Given material:
● ● ● ● ●

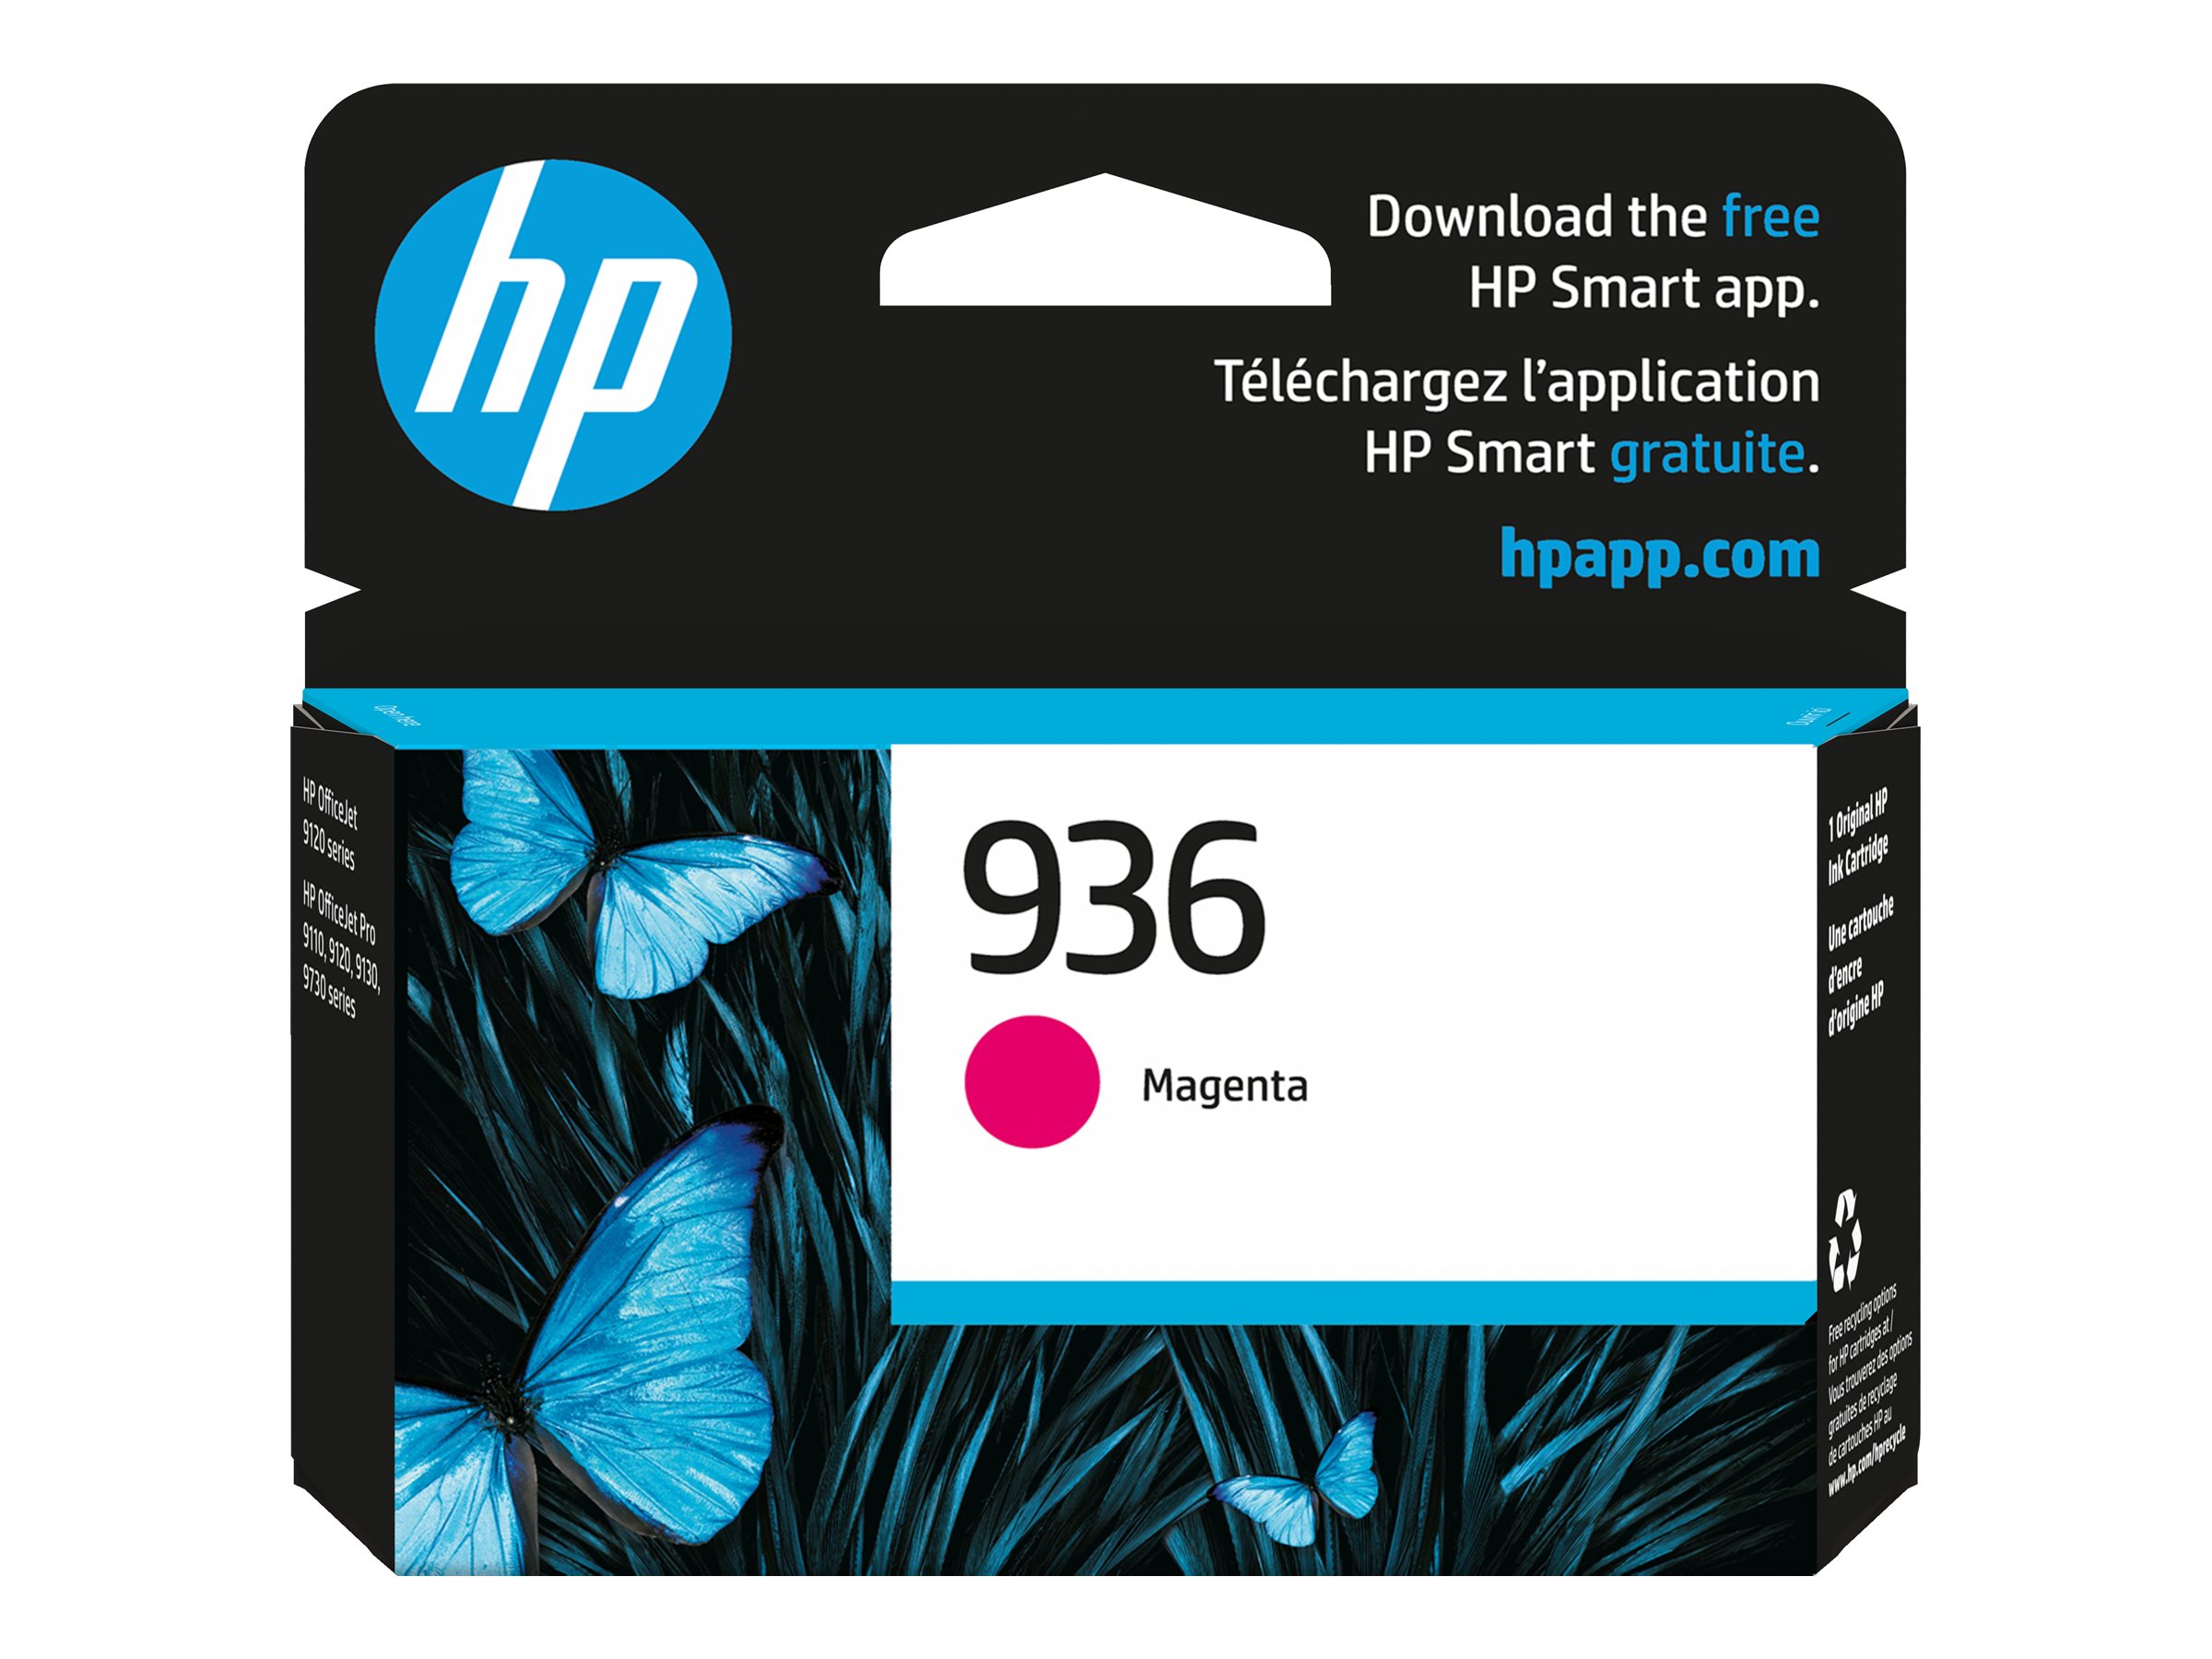 HP Officejet Pro 8718 Ink Cartridges
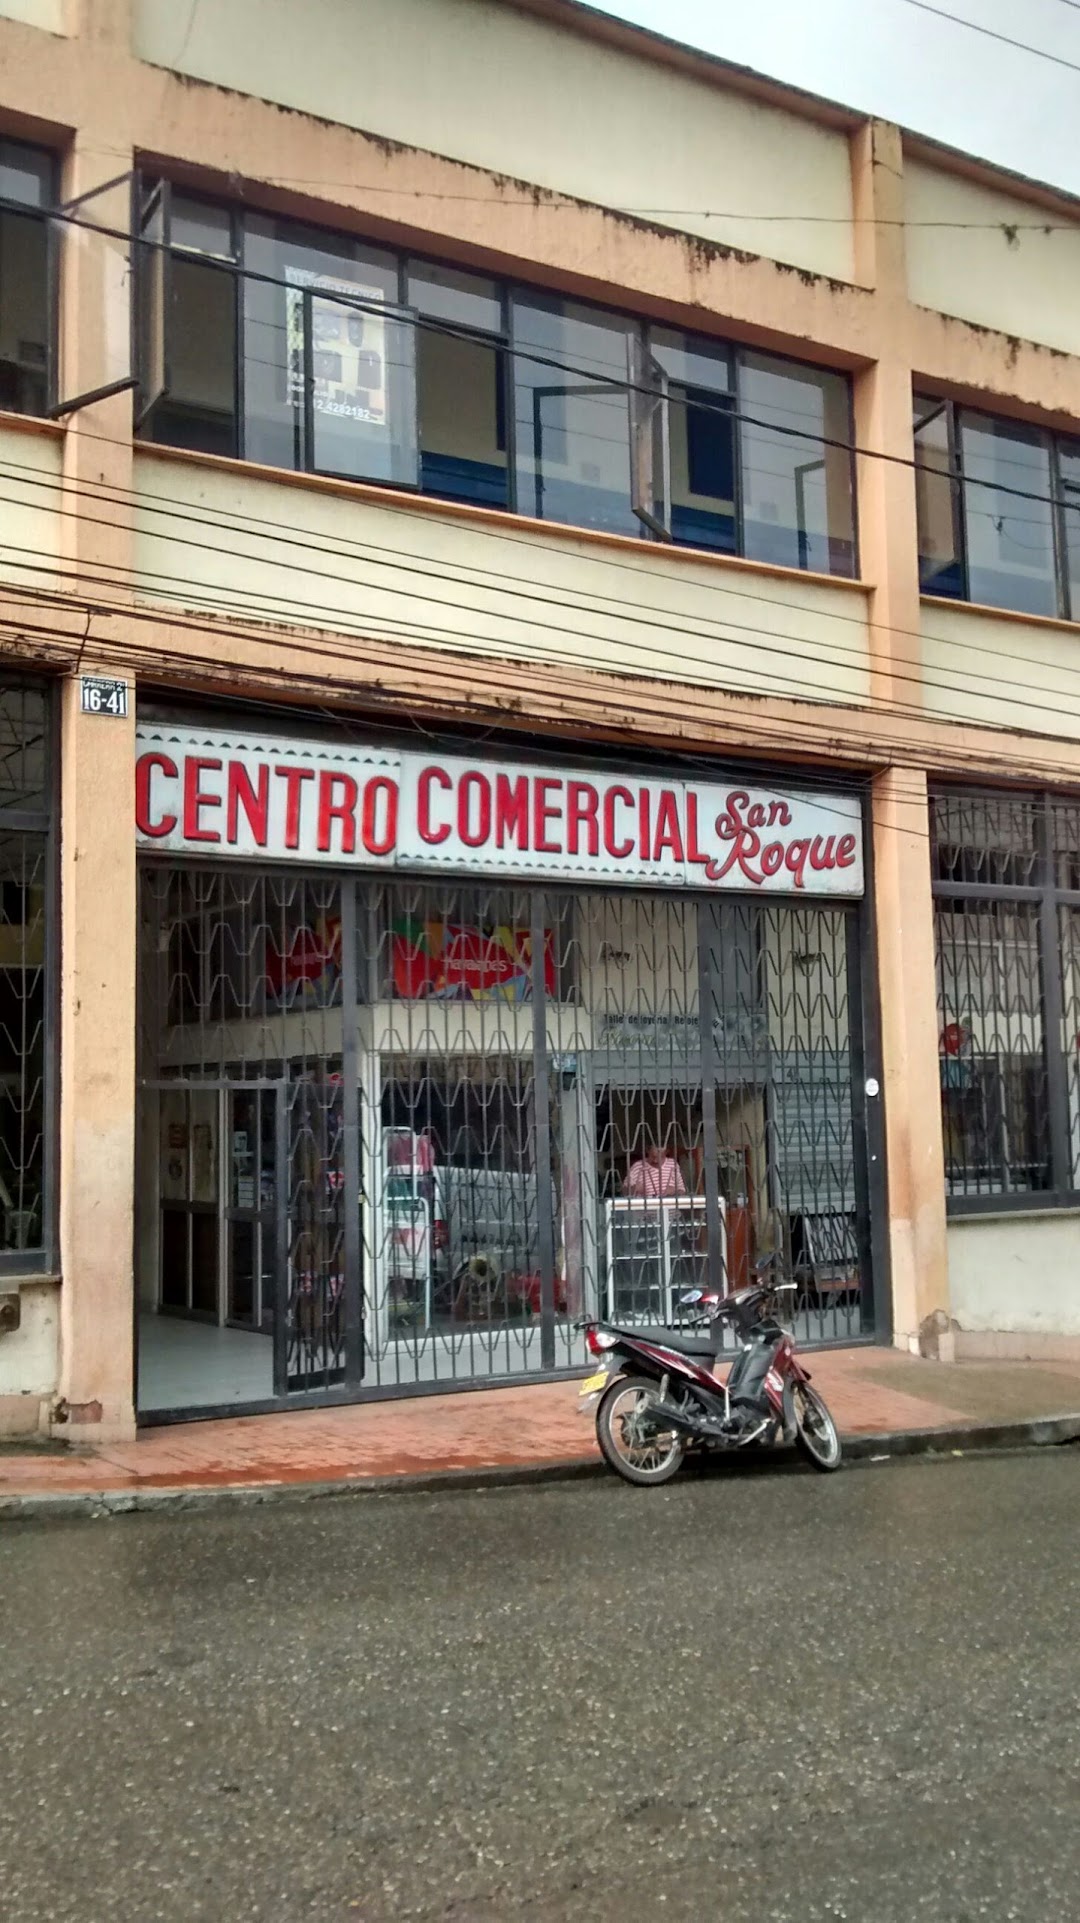 Centro Comercial San Roque
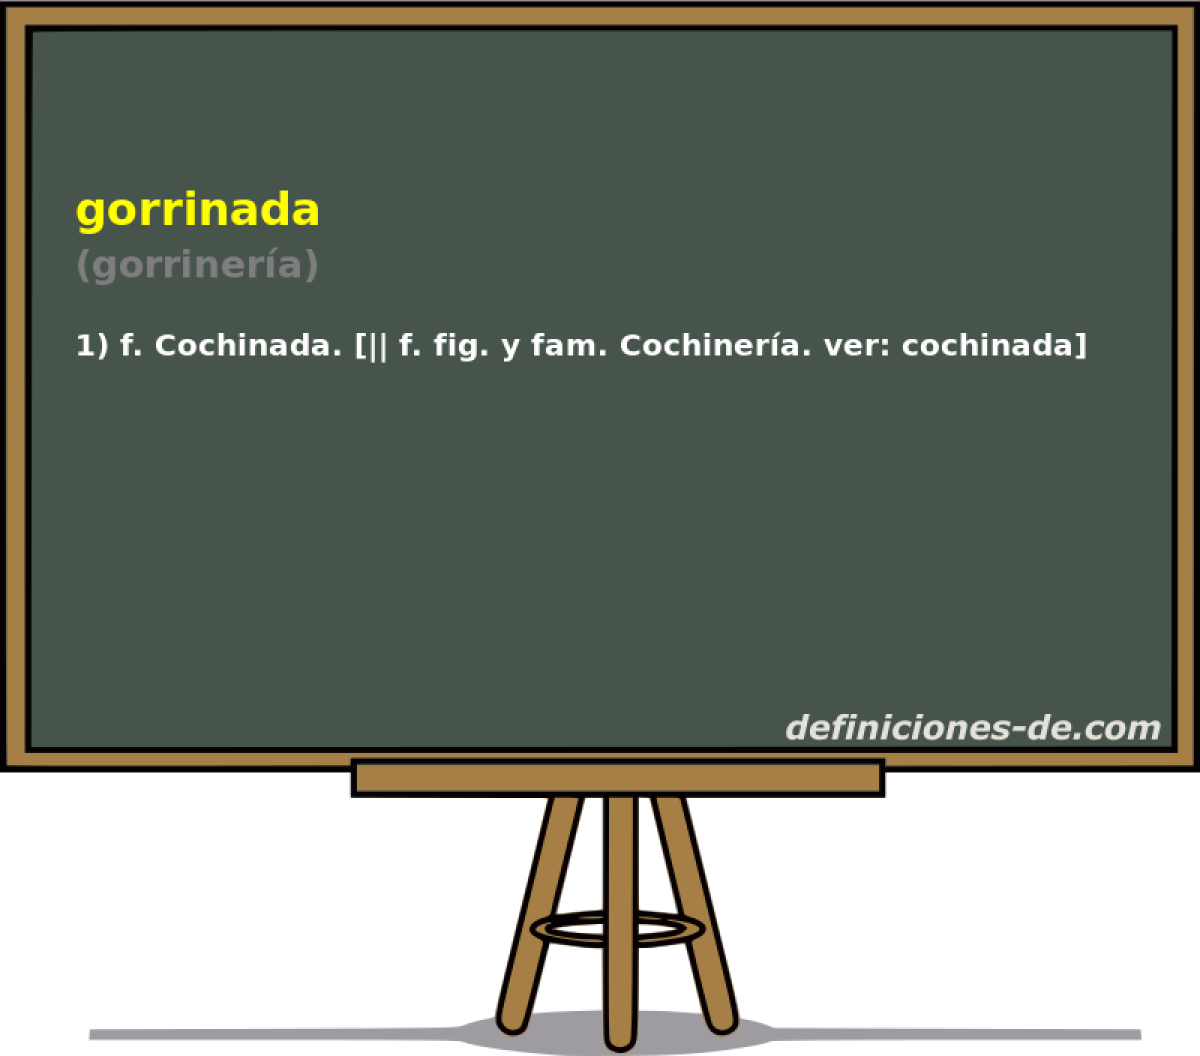 gorrinada (gorrinera)

● ● ● ● ●

Activity:
Leave out every picture, and copy exactly the lines from the line that contains "Centro Comercial San Roque" through the end of the material.

Exercise solution:
 Centro Comercial San Roque
 gorrinada (gorrinera)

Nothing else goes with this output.